The most common method for determining parabens was capillary electrophoresis with spectrophotometric detection in a variable wavelength detector (UV) [44,45,46] or a diode array detector (DAD) [47,48] at wavelengths ranging from 200 to 298 nm, at a temperature of 20 or 250C, in quartz capillaries with an internal diameter of 50 µm. Optimization of the composition of buffers BGE used for the analyses allowed for the qualitative and quantitative analysis of both parabens and several other preservatives, such as: sorbic acid (SOA), benzoic acid (BA), salicylic acid (SA), p-hydroxybenzoic acid (HBZA) and dehydroacetic acid (DHOA). The micellar electrokinetic chromatography technique MEKC with borate buffer (BB) [49,50,51] or phosphoric acid buffer [13] modified with sodium dodecyl sulphate (SDS), and capillary electrochromatography (CEC/DAD), with a capillary filled with 5 µm Lichrospher 100 C18 phase [52] was also successfully used for the analysis of parabens.
Cosmetics in the form of cream, toner, lotion, gel, shampoo, powder or paste are samples with complex matrices that require appropriate preparation for analysis. Cabaleiro et al. in their work [53] reviewed the methods of preparing samples containing parabens for their analysis using various techniques, including electromigration. In turn, Maijo et al. [54] determined the effect of the type of analyte concentration technique used on the values of the validation parameters of the method used (CE or MEKC), using the following strategies: large volume sample stacking (LVSS), field amplified stacking injection (FASI), sweeping and in-line solid-phase extraction–capillary electrophoresis (in-line SPE-CE). In the case of electrophoretic concentration, the obtained limit of detection (LOD) values ranged from 18 to 27; from 3 to 4 and were equal to 2 ng/mL, respectively for sweeping, LVSS and FASI, while for the in-line SPE-CE method, these limits were significantly lower (from 0.01 to 0.02 ng/mL). Classic ultrasonic extraction of parabens from shampoo foam using an ether-acetic acid mixture [39] allowed for a quantitative, quick (10 minutes) and accurate analysis of MP, EP and PP parabens; however, under the applied analysis conditions, it was impossible to separate the isomeric forms of butyl-paraben (BP and IBP). The analysis of the same samples by means of HPLC allowed for the separation of these isomers, and the analysis time was 2 times longer. The obtained LOD values for the HPLC technique were significantly lower (from 20 to 50 ng/mL) than those obtained for the CE (160 - 210 ng/mL), but nevertheless higher than those obtained with the FASI-CE technique [54]. Ye et al. [44] proposed the sorption of parabens using graphene as a SPE sorbent, and then their desorption from the sorbent with methanol. This method of sample preparation allowed to obtain LOD values in the range from 100 to 150 ng/mL, slightly lower compared to the ultrasonic extraction proposed by Labat et al. [39]. The CE technique with simultaneous stacking with a large sample zone and sweeping made it possible to determine the parabens extracted from the cream with methanol [46]. Using BGE buffer containing 50 mM phosphate buffer (PB) with pH 3.0; 80 mM SDS and 30% methanol it was also possible to separate butylparaben from isobutylparaben.

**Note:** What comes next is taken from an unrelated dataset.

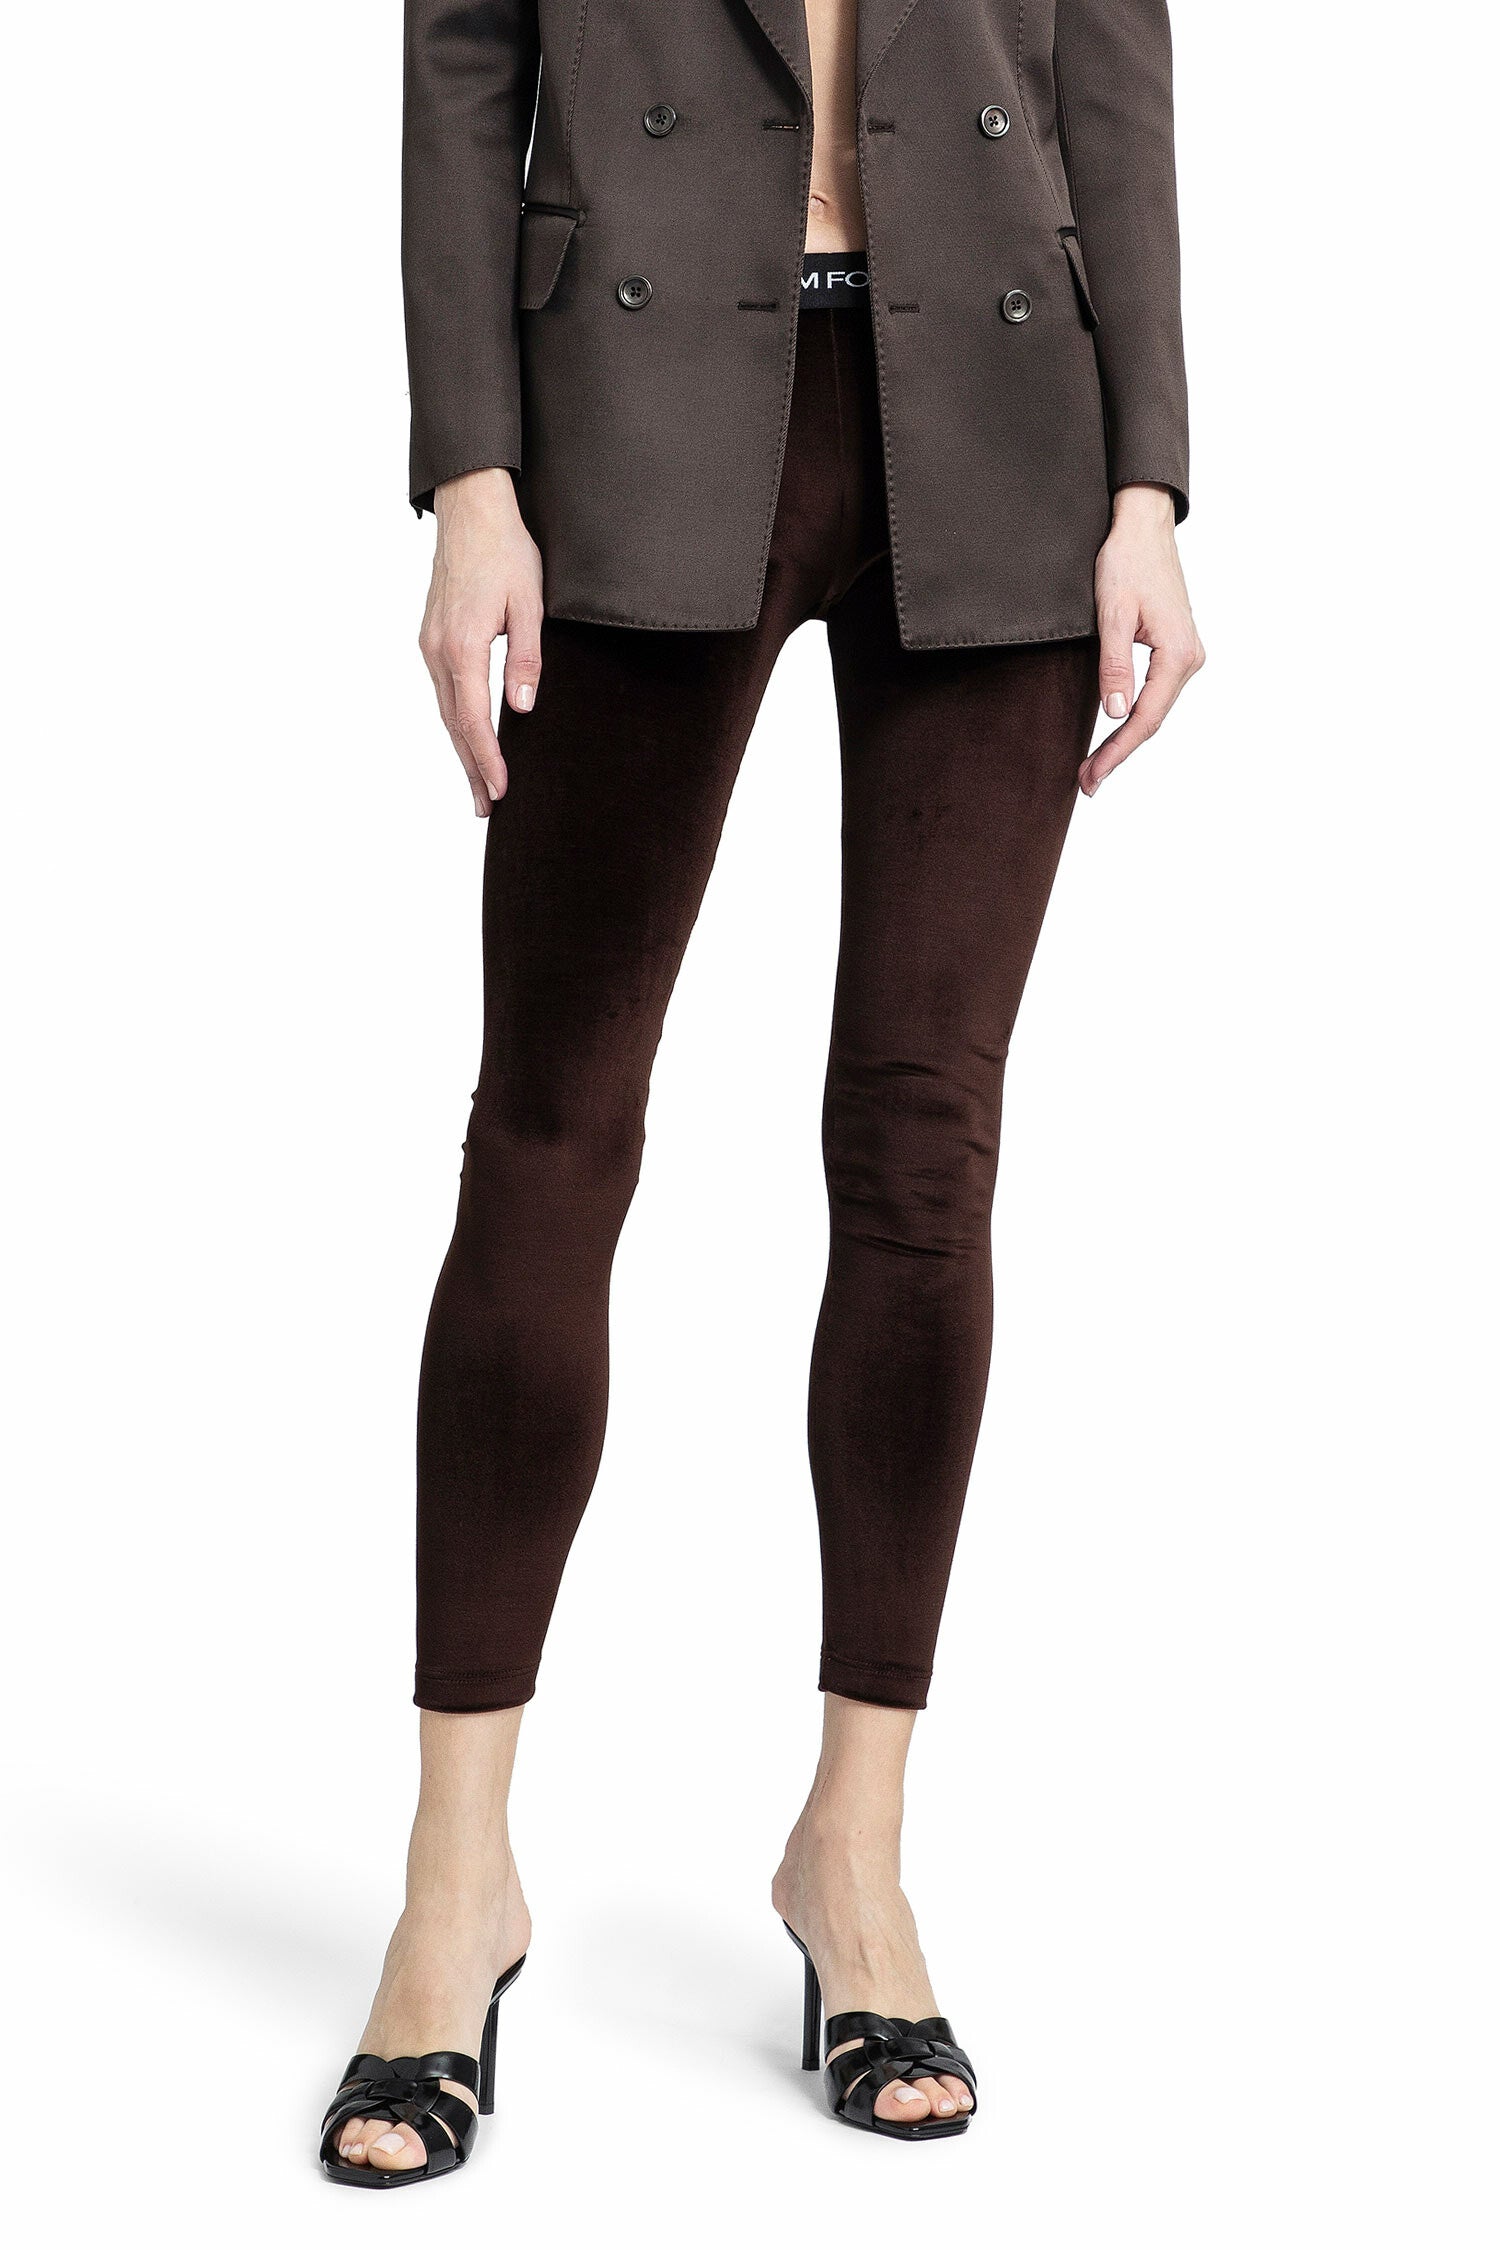 TOM FORD WOMAN BROWN TROUSERS

The method used by Xue et al. [45] based on dispersive liquid-liquid micro extraction coupled with capillary electrophoresis (DLLME-CE) turned out to be a fast, cheap and effective method of analysing both hydrophobic preservatives, such as parabens: MP, EP, BP and PP, and hydrophilic preservatives such as acids: sorbic (SOA), benzoic (BA) and salicylic (SA) in creams and lotions. Compared to high-performance liquid chromatography combined with microwave assisted extraction (MAE-HPLC), DLLME-CE allowed for obtaining 10 times lower LOD values (0.2 mg/kg for EP and BA and 0.375 mg/kg for other analytes, with two times shorter extraction time (18 minutes).
The use of the LVSS technique in MEKC made it possible to achieve a much higher sensitivity and resolution of paraben analysis compared to the classic MEKC analysis [13]. On the other hand, MEKC combined with the sweeping technique, under optimal analysis conditions, turned out to be useful for determining the concentration of parabens next to the whitening ingredients of cosmetics (hydroquinone, arbutin, kojic acid, resorcinol and salicylic acid), with detection limits lower than the maximum concentration level for the tested compounds determined by applicable legal acts [50]. Qualitative and quantitative analysis of parabens in cosmetics is also possible using microemulsion electrokinetic chromatography [51] and capillary electrochromatography [52]. Nevertheless, to achieve high sensitivity, repeatability and resolution of the analysis, the conditions for its conduct should be carefully selected.

Exfoliating and Moisturizing Substances

One of the groups of chemical compounds appearing in a cosmetic as an exfoliating agent is α-hydroxy acids, called fruit acids (AHA), i.e. organic acids with hydroxyl groups attached to the carbon atom adjacent to the carboxyl group, found naturally in most fruits, milk, sugar cane juice, wine or beer. For the production of cosmetics, lactic, malic, glycolic, citric, almond or tartaric acids are most frequently used [55,56]. In cosmetic products, these acids are usually present in concentrations from 4 to 10%, with the exception of chemical peeling, in which they are present in concentrations even above 20%. The recommended daily AHA use limit that does not threaten the consumer is 10%; therefore, it is required to control the content of these compounds in cosmetic products.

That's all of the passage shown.